Key words: Step-scheme heterojunction, CdS, TiO₂, Hollow microspheres, Photocatalytic CO₂ reduction

Zhongliao Wang, Yifan Chen, Liuyang Zhang, Bei Cheng, Jiaguo Yu, Jiajie Fan. Step-scheme CdS/TiO₂ nanocomposite hollow microsphere with enhanced photocatalytic CO₂ reduction activity[J]. J. Mater. Sci. Technol., 2020, 56: 143-150.

Figures/Tables 6

Fig. 1. (a) The formation procedures of CdS/TiO2 HS. FESEM images of CdS HS (b) and CdS/TiO2 HS (c, d); TEM (e, f), HRTEM image (g) and its corresponding EDS elemental mapping images of CdS/TiO2 HS (h). Note that CdS/TiO2 refers to CdS/TiO2 1:1 in this paper unless otherwise stated.

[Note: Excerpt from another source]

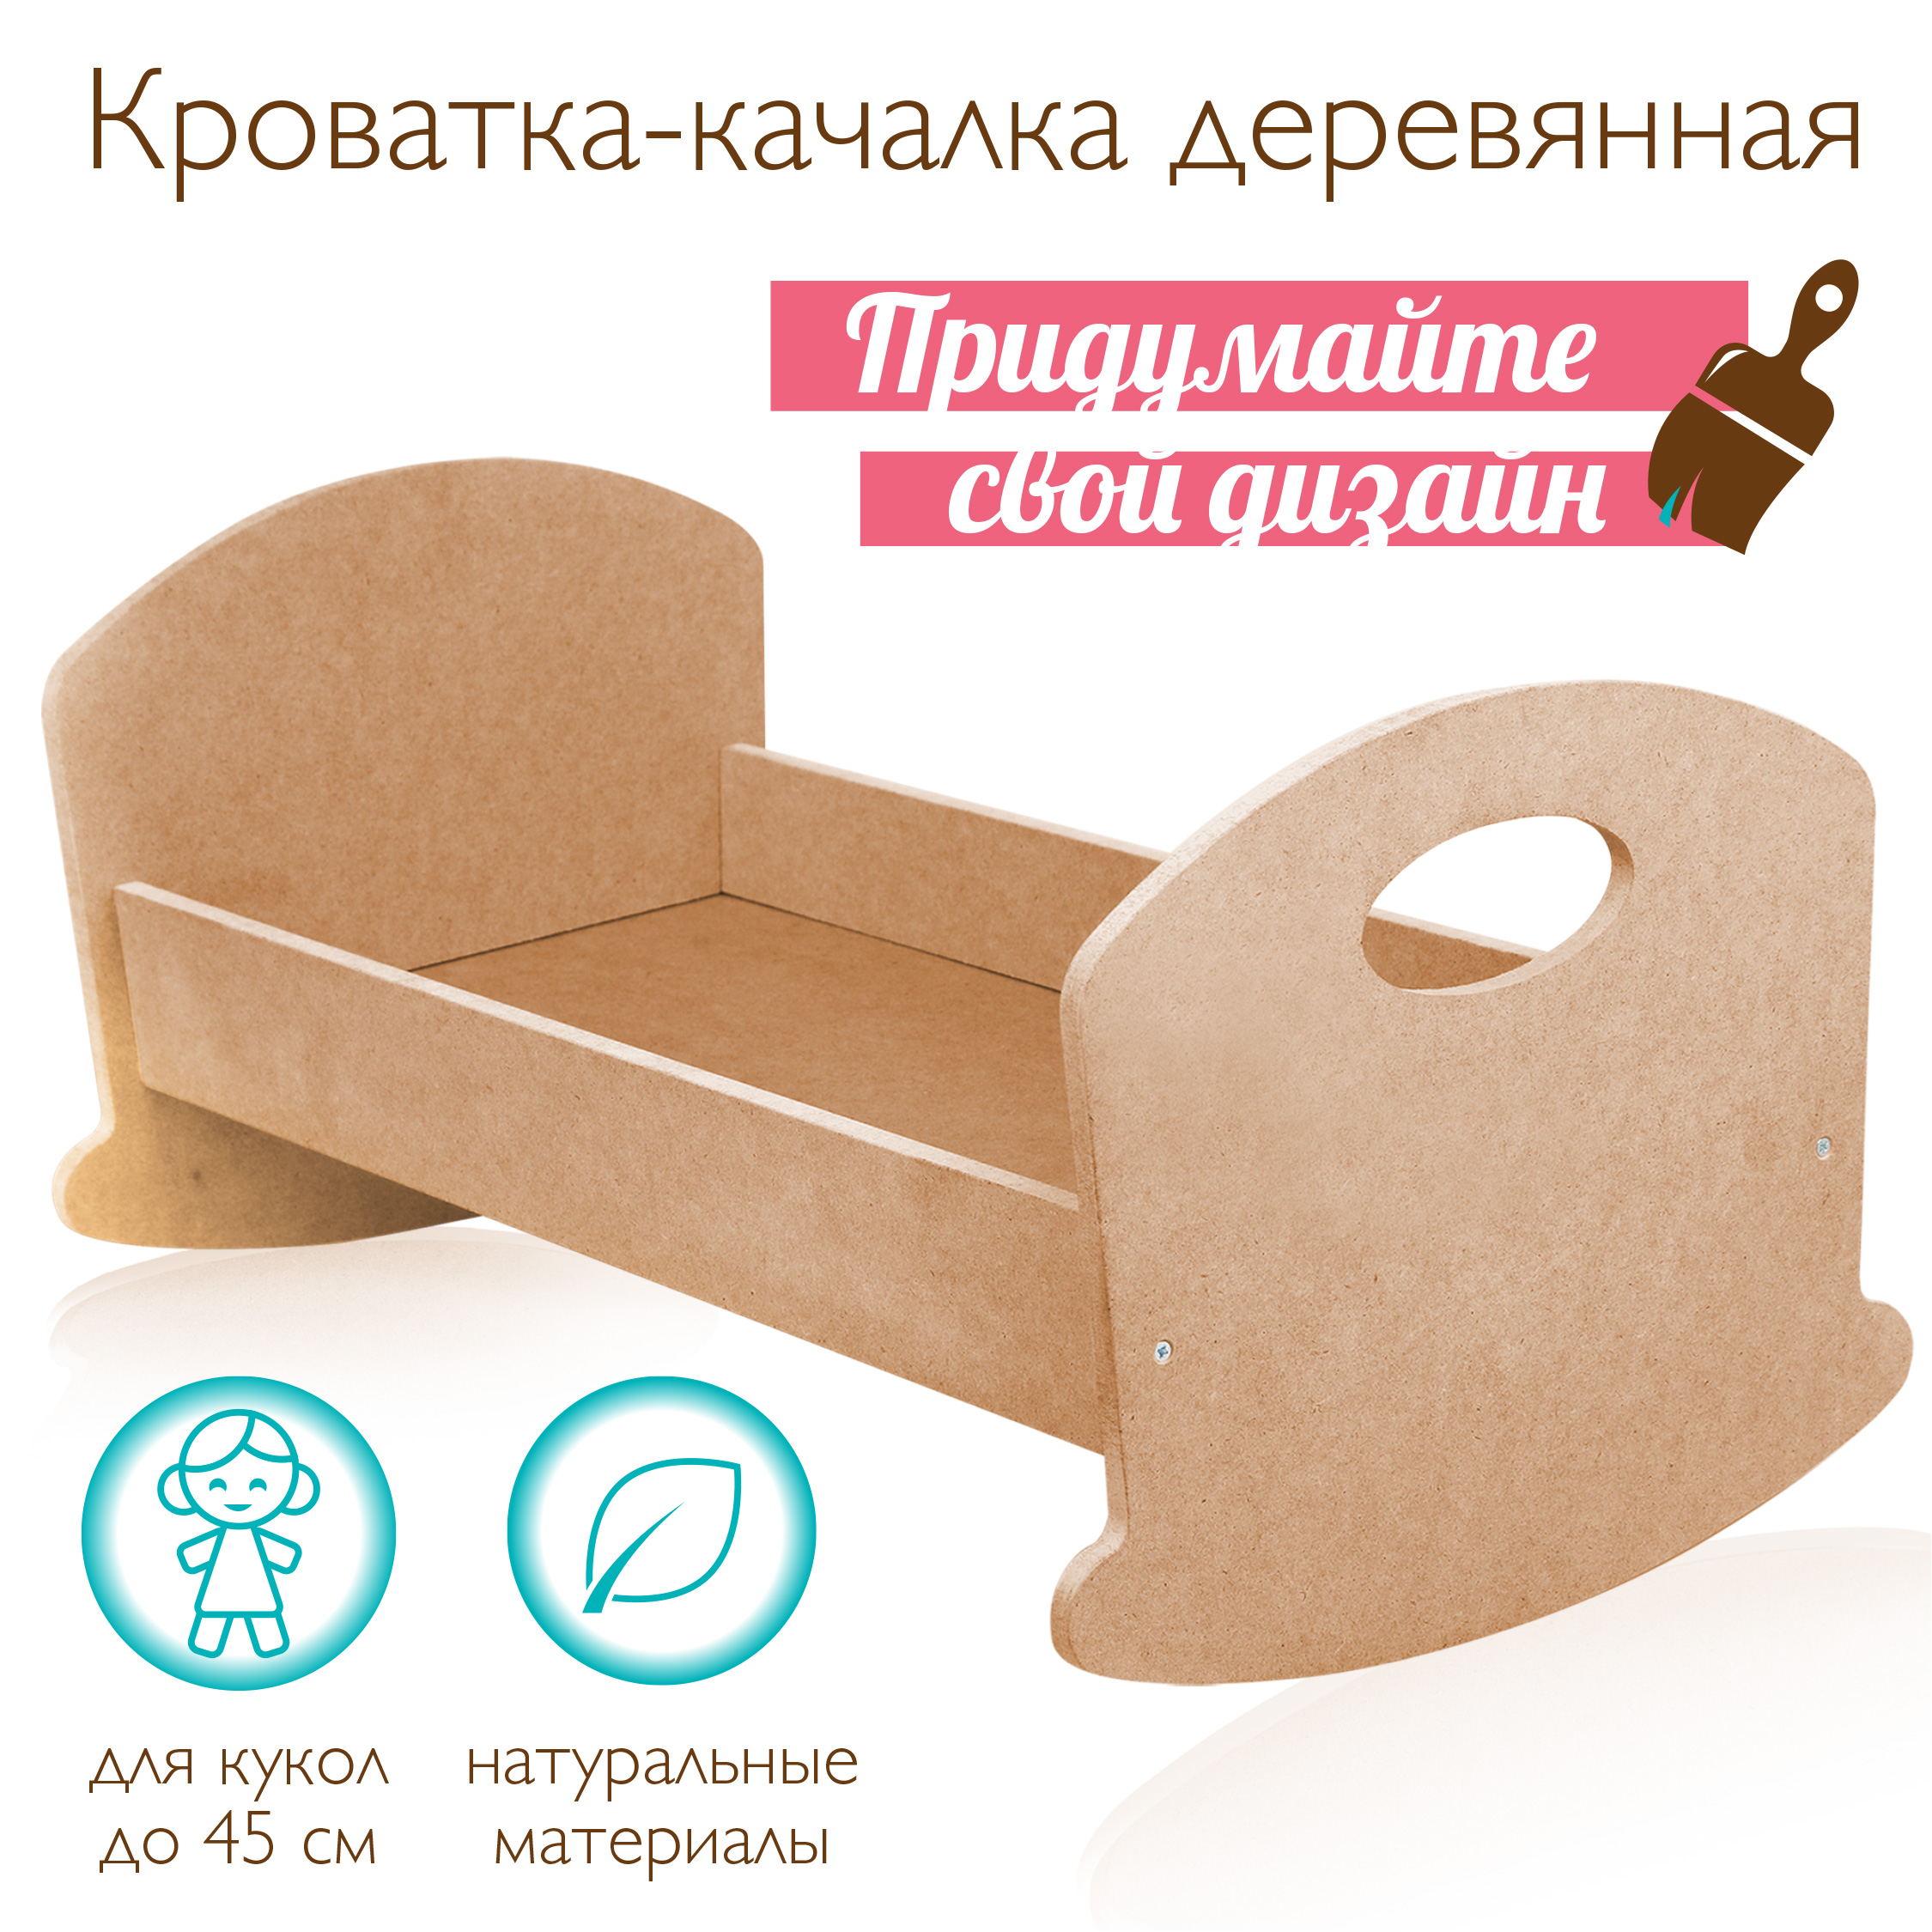 Кроватка-люлька для куклы Mary Poppins деревянная игрушечная 46x25x23 см создай свой дизайн 67405 - фото 2

Fig. 2. (a) Photocatalytic CO2 reduction activity tests under full-spectrum irradiation of CdS HS, TiO2 and CdS/TiO2 HS with various molar ratios. (b) Stability tests for CdS/TiO2 HS 1:1. (c, d) Gas chromatography-mass spectrometry (GC-MS) analysis of the resultant CH4 and CO for CdS/TiO2 composite, respectively.

Fig. 3. In-situ DRIFTS spectra of (a) the surface adsorbed carbonate species and (b) intermediates in photocatalytic CO2 reduction for CdS/TiO2 HS (0-60 min under dark conditions and 60-120 min under full-spectrum irradiation).

Fig. 4. High-resolution XPS for (a) Cd 3d, (b) S 2p, (c) Ti 2p, and (d) O 2p of CdS/TiO2 without or with 365 nm LED irradiation (CdS/TiO2 UV).

Fig. 5. Electrostatic potentials of (a) CdS (100) and (b) TiO2 (101) surface.

Fig. 6. (a) The work functions of CdS and TiO2 before contact. (b) Thermodynamic electron transfer after contact with the formation of a balanced Fermi level and IEF. (c) The step-scheme electrons transfer diagram between CdS and TiO2 under the full spectrum.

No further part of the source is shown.